▸ What the task asks
Where the line holding "Xara Xara V2 Sleeve and Ankle Guard" appears, start copying, and continue exactly through the last line of the listing, skipping pictures.

▸ Collected material
BEGIN
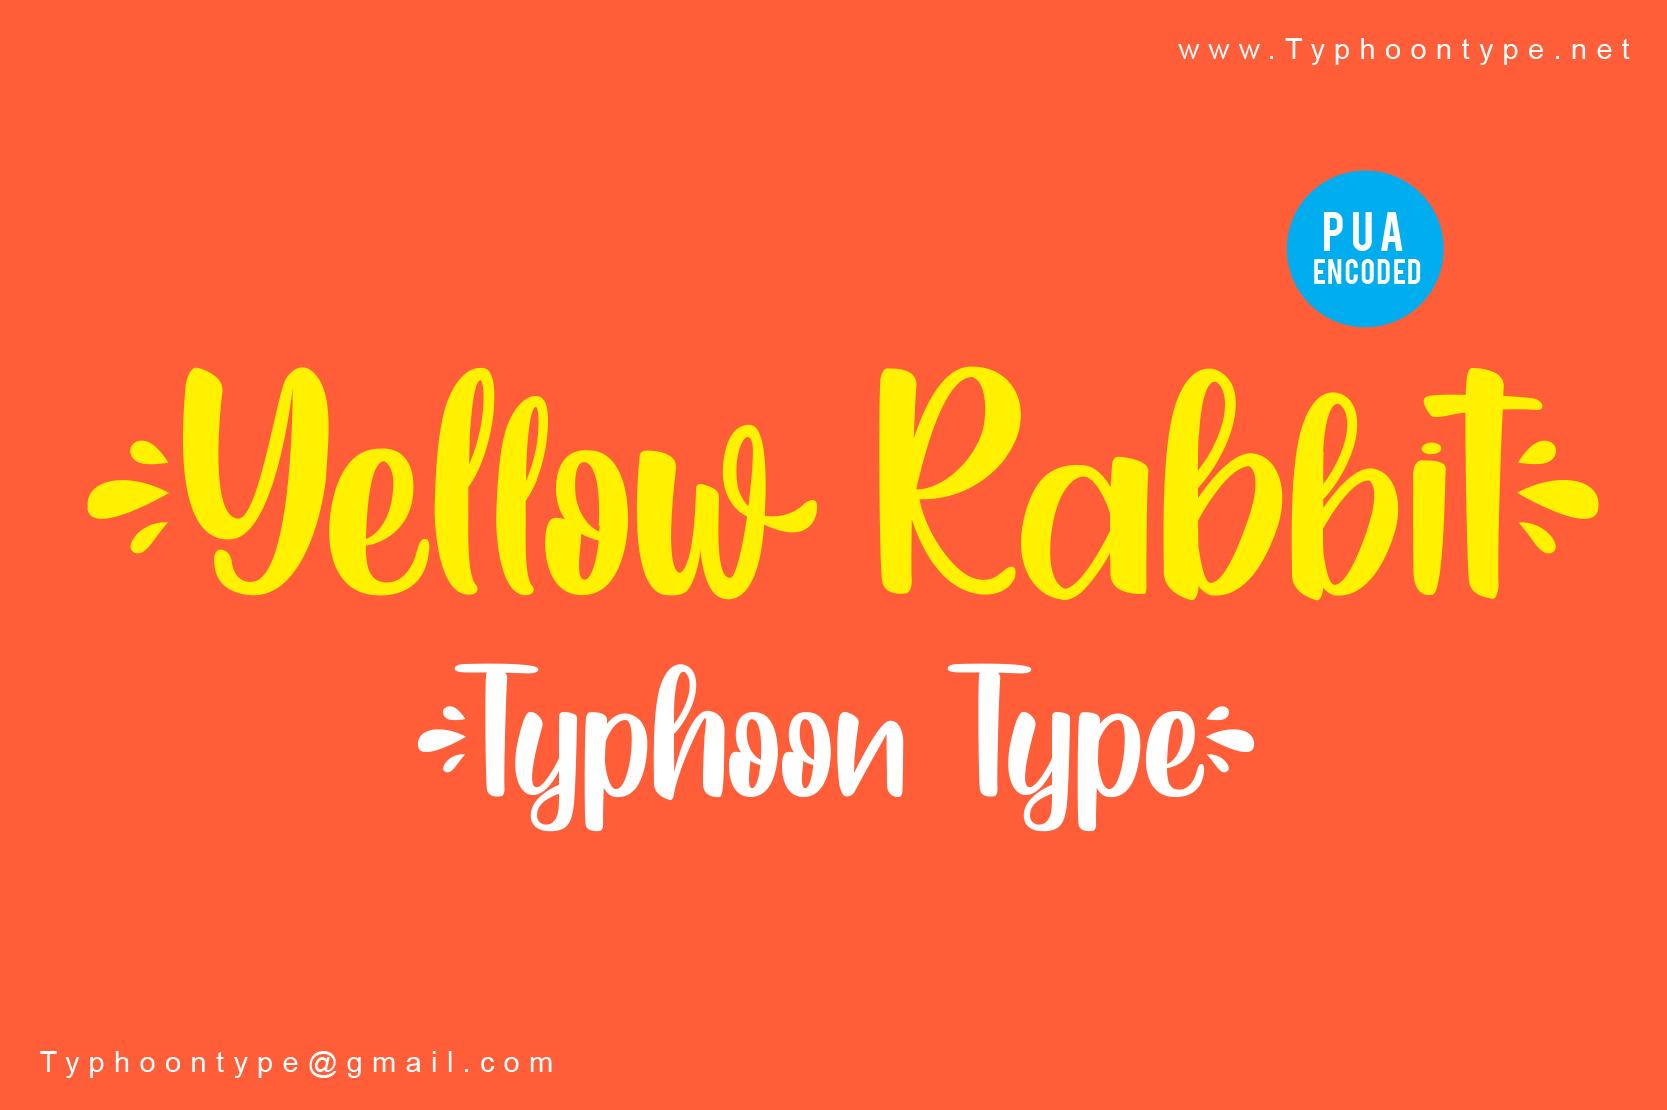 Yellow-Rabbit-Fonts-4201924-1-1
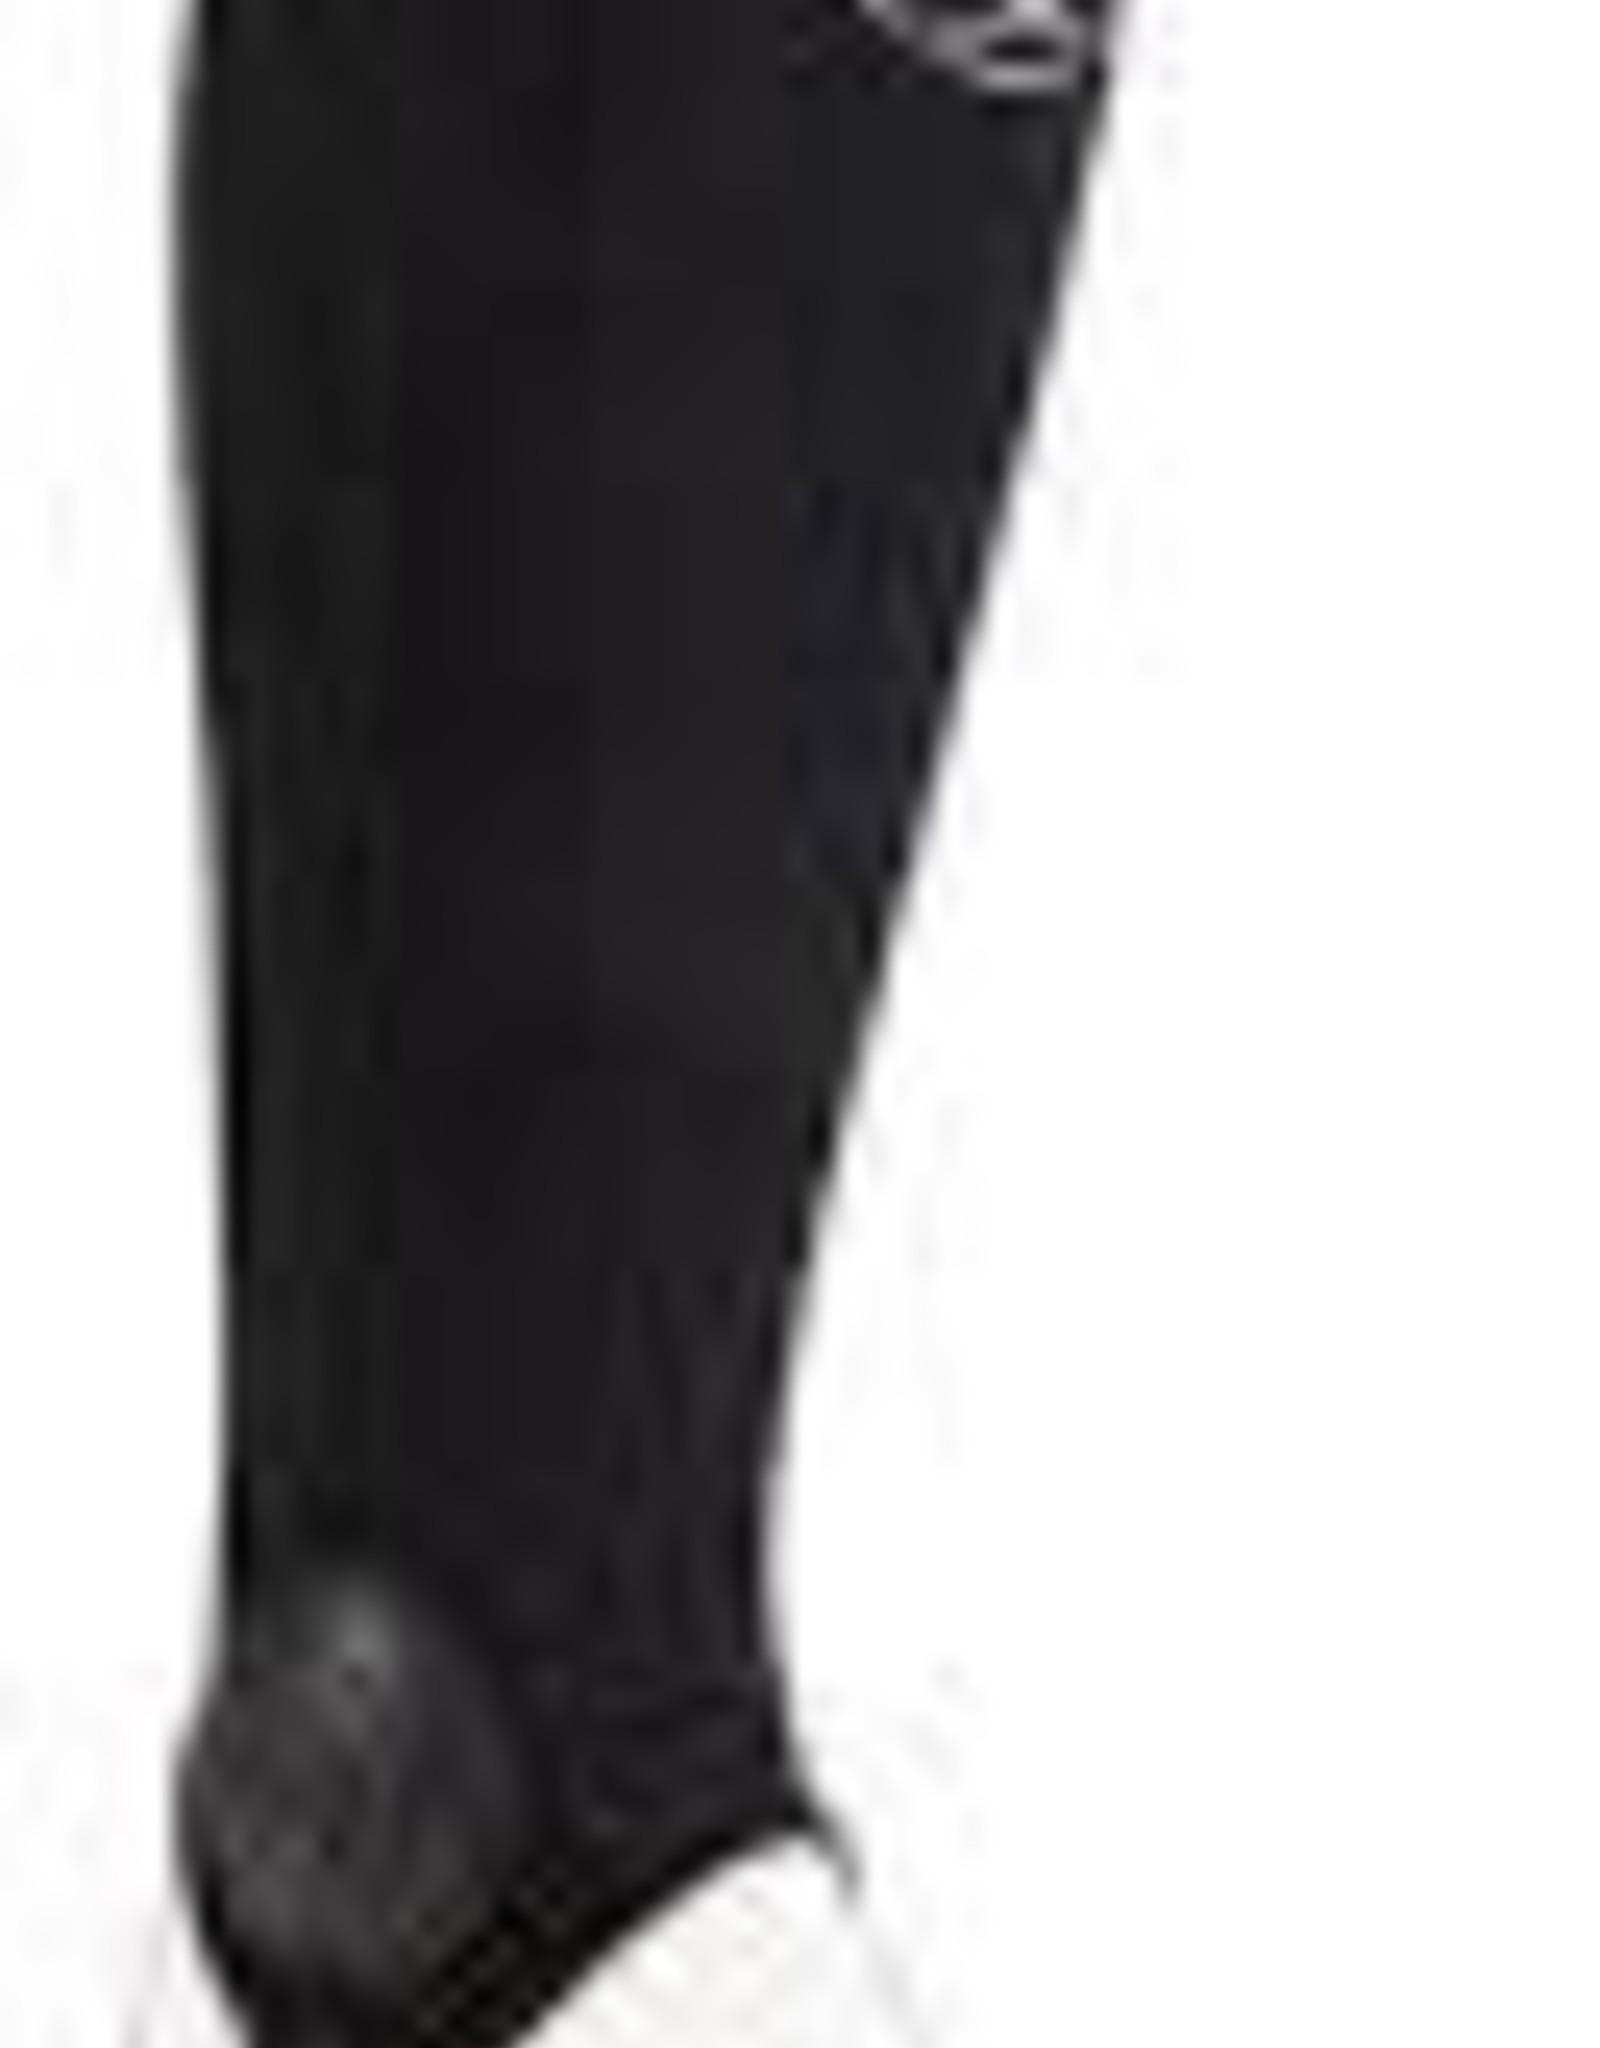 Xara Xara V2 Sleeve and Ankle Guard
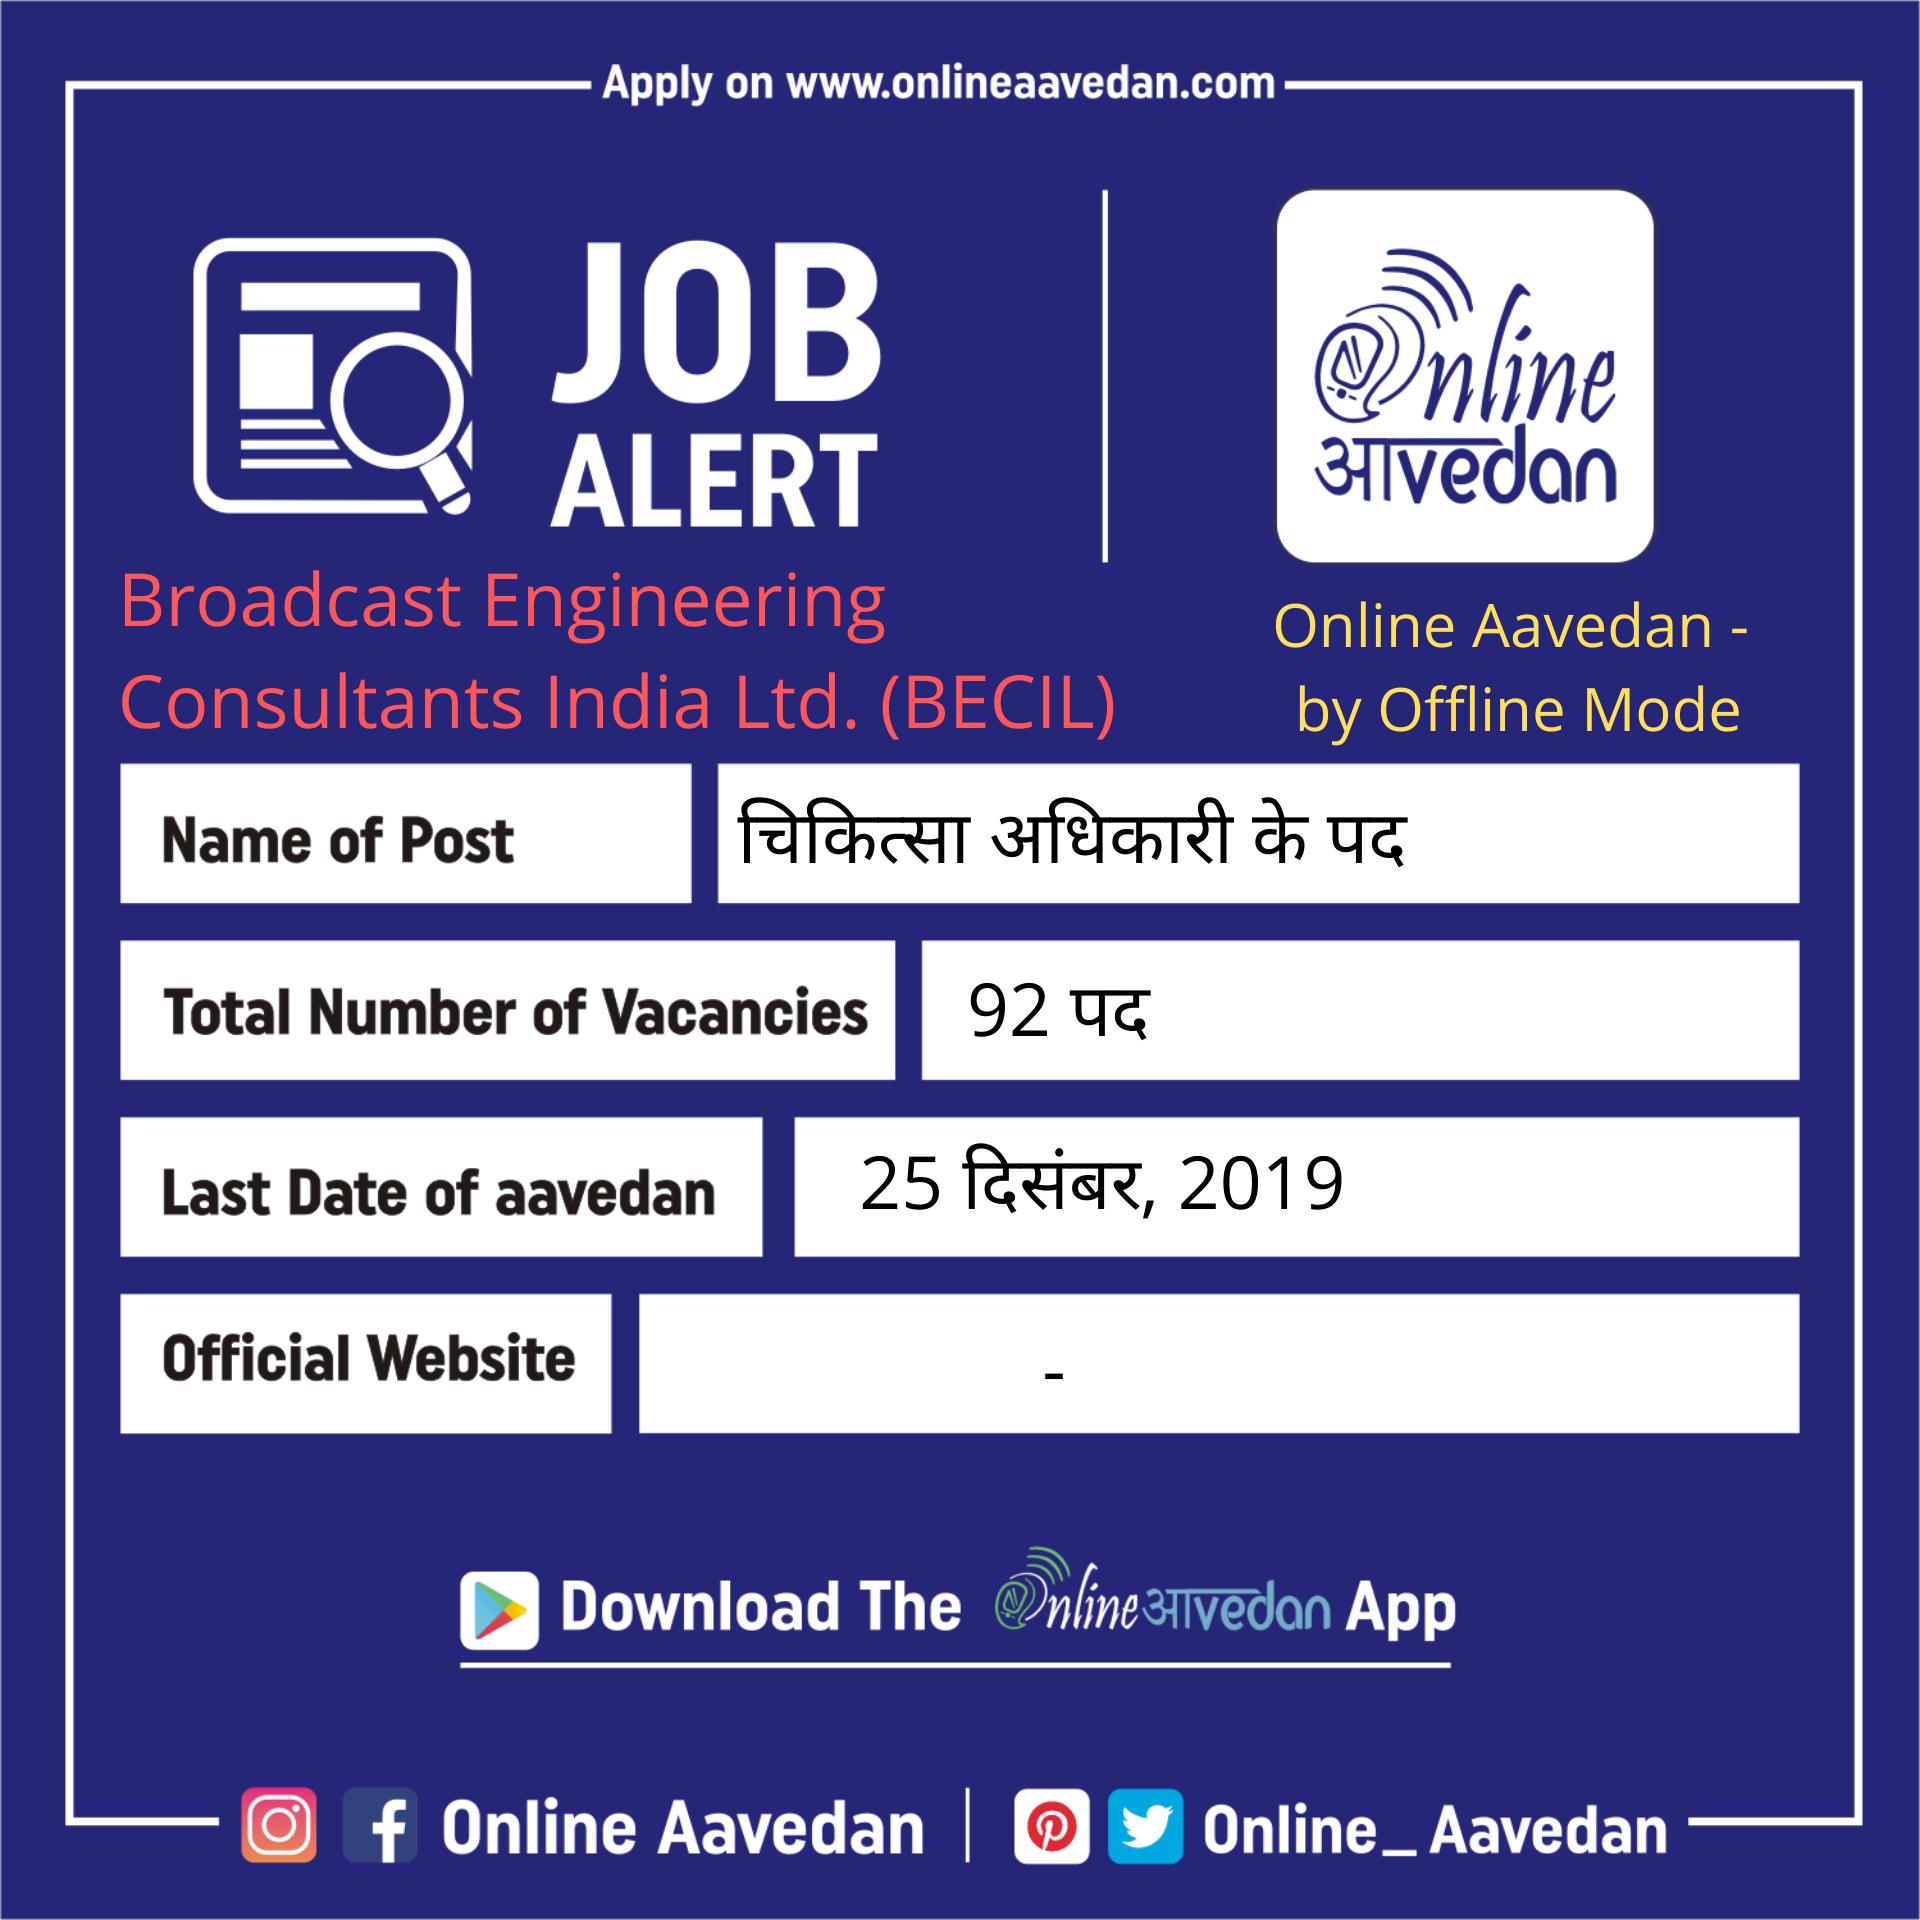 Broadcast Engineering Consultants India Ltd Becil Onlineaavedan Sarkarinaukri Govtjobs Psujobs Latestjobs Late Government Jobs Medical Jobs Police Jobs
END
▸ Output for this task
 Xara Xara V2 Sleeve and Ankle Guard
 Broadcast Engineering Consultants India Ltd Becil Onlineaavedan Sarkarinaukri Govtjobs Psujobs Latestjobs Late Government Jobs Medical Jobs Police Jobs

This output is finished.